---
tags: technical, python, properties
date: 2016-06-13 00:00
title: Testing Configuration Parameters
author: drmaciver
---

A lot of applications end up growing a complex configuration system,
with a large number of different knobs and dials you can turn to change
behaviour. Some of these are just for performance tuning, some change
operational concerns, some have other functions.

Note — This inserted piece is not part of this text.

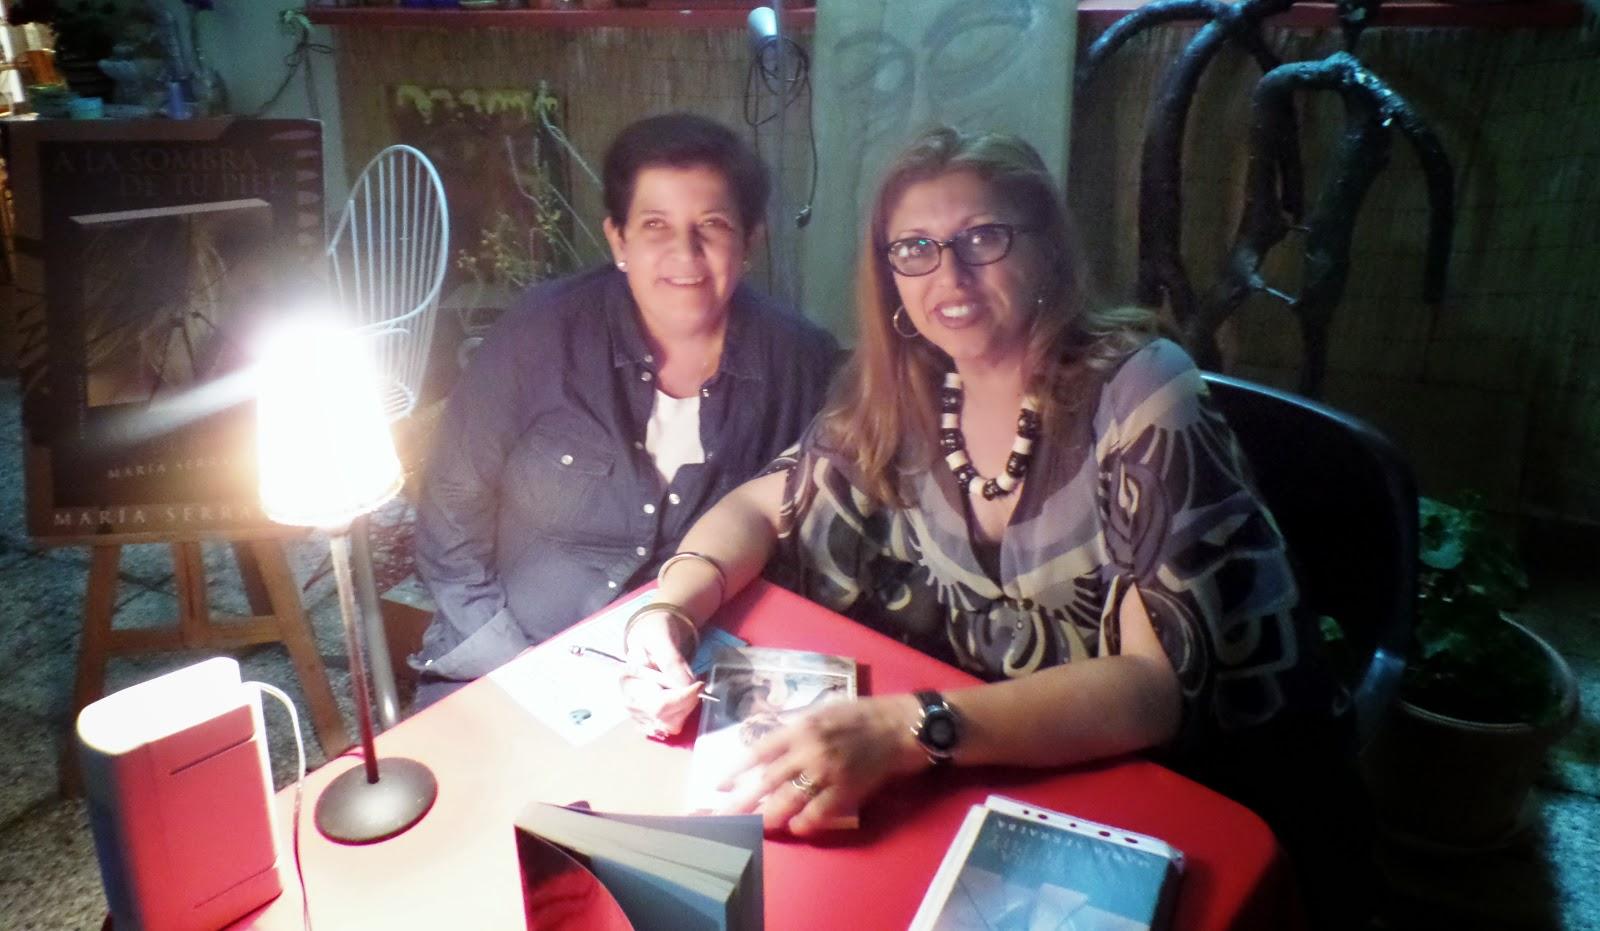 El Blog de María Serralba - Presentación Fuengirola 23/4/14

Testing these is tricky. As the number of parameters goes up, the number
of possible configuration goes up exponentially. Manual testing of the
different combinations quickly becomes completely unmanageable, not
to mention extremely tedious.

Fortunately, this is somewhere where property-based testing in general
and Hypothesis in particular can help a lot.

<!--more-->

Configuration parameters almost all have one thing in common: For the
vast majority of things, they shouldn't change the behaviour. A
configuration parameter is rarely going to be a complete reskin of your
application.

This means that they are relatively easy to test with property-based
testing. You take an existing test - either one that is already using
Hypothesis or a normal example based test test - and you vary some
configuration parameters and make sure the test still passes.

This turns out to be remarkably effective. Here's an example where I
used this technique and found some bugs in the [Argon2](
https://github.com/P-H-C/phc-winner-argon2) password hashing library,
using [Hynek](https://hynek.me/)'s
[CFFI based bindings](https://github.com/hynek/argon2_cffi).

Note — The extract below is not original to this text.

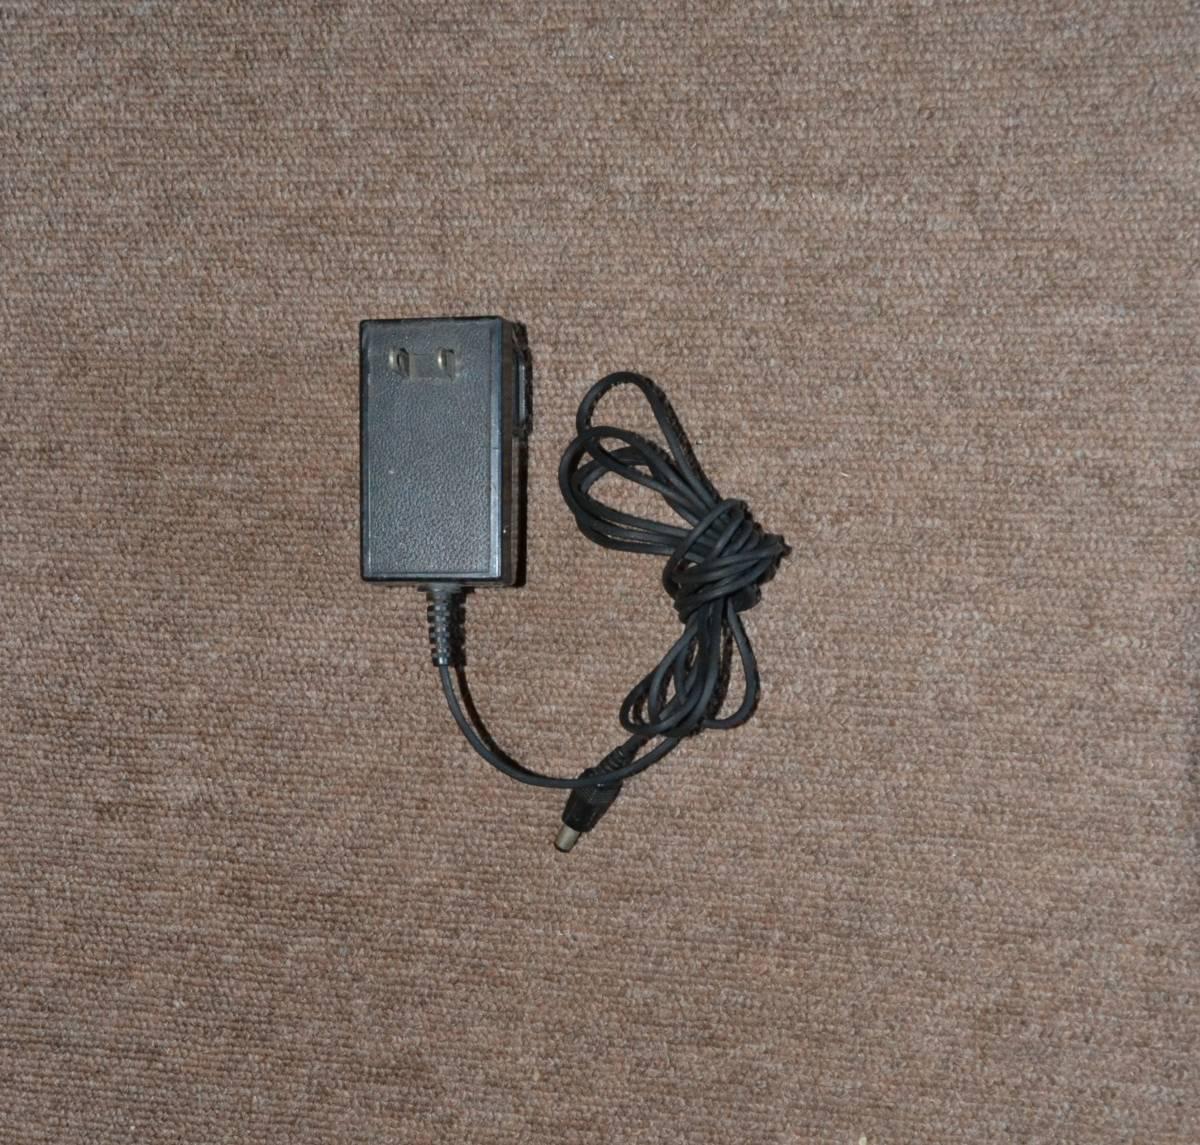 SONY AC ADAPTOR AC-9 6V 300mA スカイセンサー 100V 50HZ/60HZ_画像2

The idea of password hashing is straightforward: Given a password, you
can create a hash against which the password can be verified without
ever storing the password (after all, you're not storing passwords in
plain text on your servers, right?). Although straightforward to
describe, there's a lot of difficulty in making a good implementation
of this. Argon2 is a fairly recent one which won [the Password Hashing
Competition](https://password-hashing.net/) so should be fairly good.

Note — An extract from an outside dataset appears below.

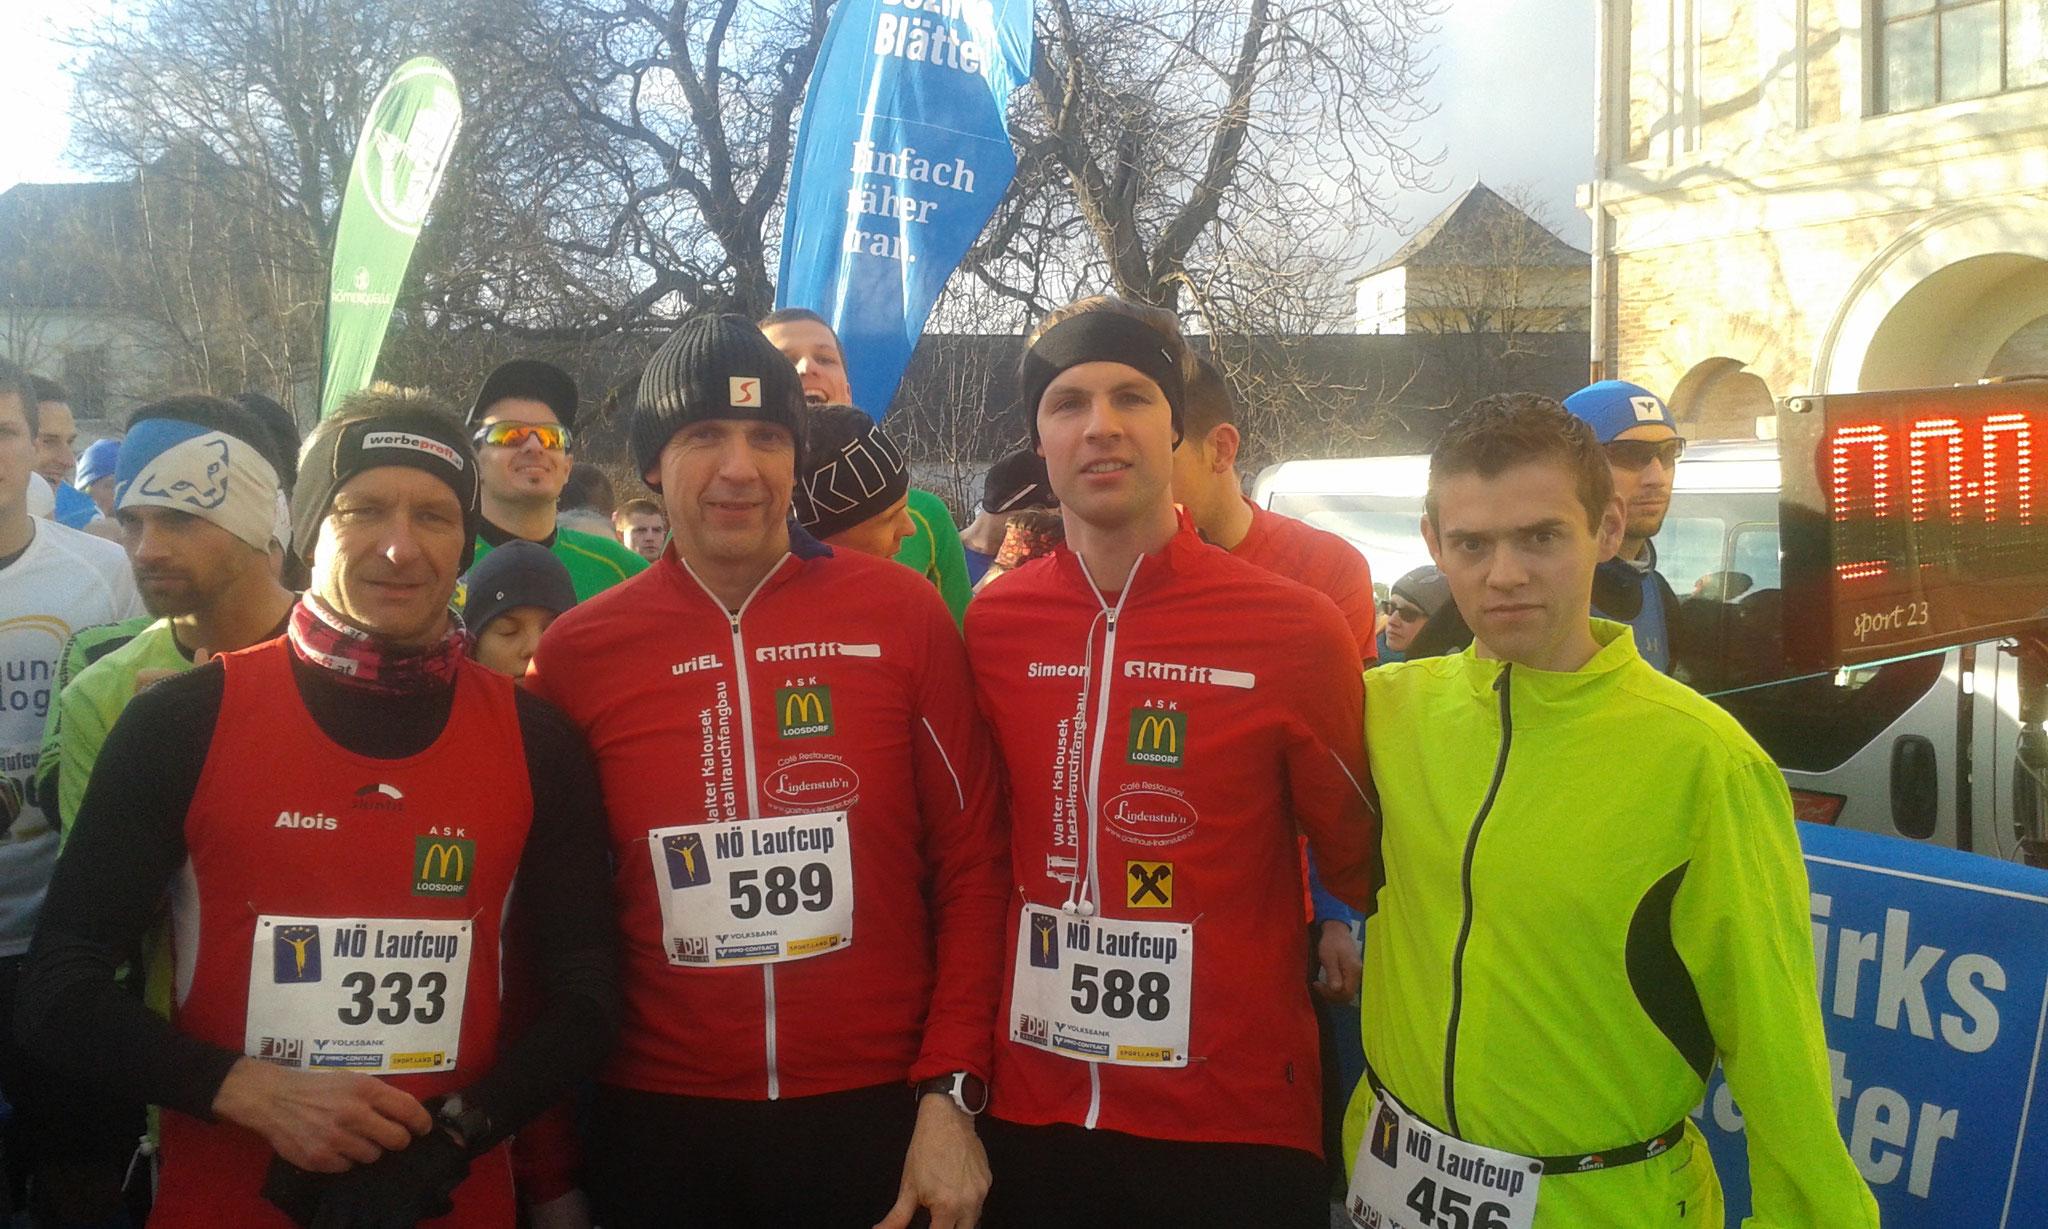 Toller Lauf unserer Athleten Alois, Wolfgang, Simeon, Martin

We can verify that hashing works correctly fairly immediately using
Hypothesis:

```python
from argon2 import PasswordHasher

from hypothesis import given, strategies as st


class TestPasswordHasherWithHypothesis:
    @given(password=st.text())
    def test_a_password_verifies(self, password):
        ph = PasswordHasher()
        hash = ph.hash(password)
        assert ph.verify(hash, password)
```

This takes an arbitrary text password, hashes it and verifies it against
the generated hash.

This passes. So far, so good.

But as you probably expected from its context here, argon2 has quite
a lot of different parameters to it. We can expand the test to vary
them and see what happens:

```python
from argon2 import PasswordHasher

from hypothesis import assume, given, strategies as st


class TestPasswordHasherWithHypothesis:
    @given(
        password=st.text(),
        time_cost=st.integers(1, 10),
        parallelism=st.integers(1, 10),
        memory_cost=st.integers(8, 2048),
        hash_len=st.integers(12, 1000),
        salt_len=st.integers(8, 1000),
    )
    def test_a_password_verifies(
        self,
        password,
        time_cost,
        parallelism,
        memory_cost,
        hash_len,
        salt_len,
    ):
        assume(parallelism * 8 <= memory_cost)
        ph = PasswordHasher(
            time_cost=time_cost,
            parallelism=parallelism,
            memory_cost=memory_cost,
            hash_len=hash_len,
            salt_len=salt_len,
        )
        hash = ph.hash(password)
        assert ph.verify(hash, password)
```


These parameters are mostly intended to vary the difficulty of
calculating the hash. Honestly I'm not entirely sure what all of them
do. Fortunately for the purposes of writing this test, understanding is
optional.

In terms of how I chose the specific strategies to get there, I just
picked some plausible looking parameters ranges and adjusted them until
I wasn't getting validation errors (I did look for documentation, I
promise). The assume() call comes from reading the argon2 source to try
to find out what the valid range of parallelism was.

This ended up finding
[two bugs](https://github.com/hynek/argon2_cffi/issues/4), which I duly
reported to Hynek, but they actually turned out to be upstream bugs!

In both cases, a password would no longer validate against itself:


```
Falsifying example: test_a_password_verifies(
    password='', time_cost=1, parallelism=1, memory_cost=8, hash_len=4,
    salt_len=8,
)
```

```
Falsifying example: test_a_password_verifies(
    password='', time_cost=1, parallelism=1, memory_cost=8,
    hash_len=513, salt_len=8
)
```

(I found the second one by manually determining that the first bug
happened whenever salt_len < 12 and manually ruling that case out).

One interesting thing about both of these bugs is that they're actually
not bugs in the Python library but are both downstream bugs. I hadn't
set out to do that when I wrote these tests, but it nicely validates
that Hypothesis is rather useful for testing C libraries as well as
Python, given how easy they are to bind to with CFFI.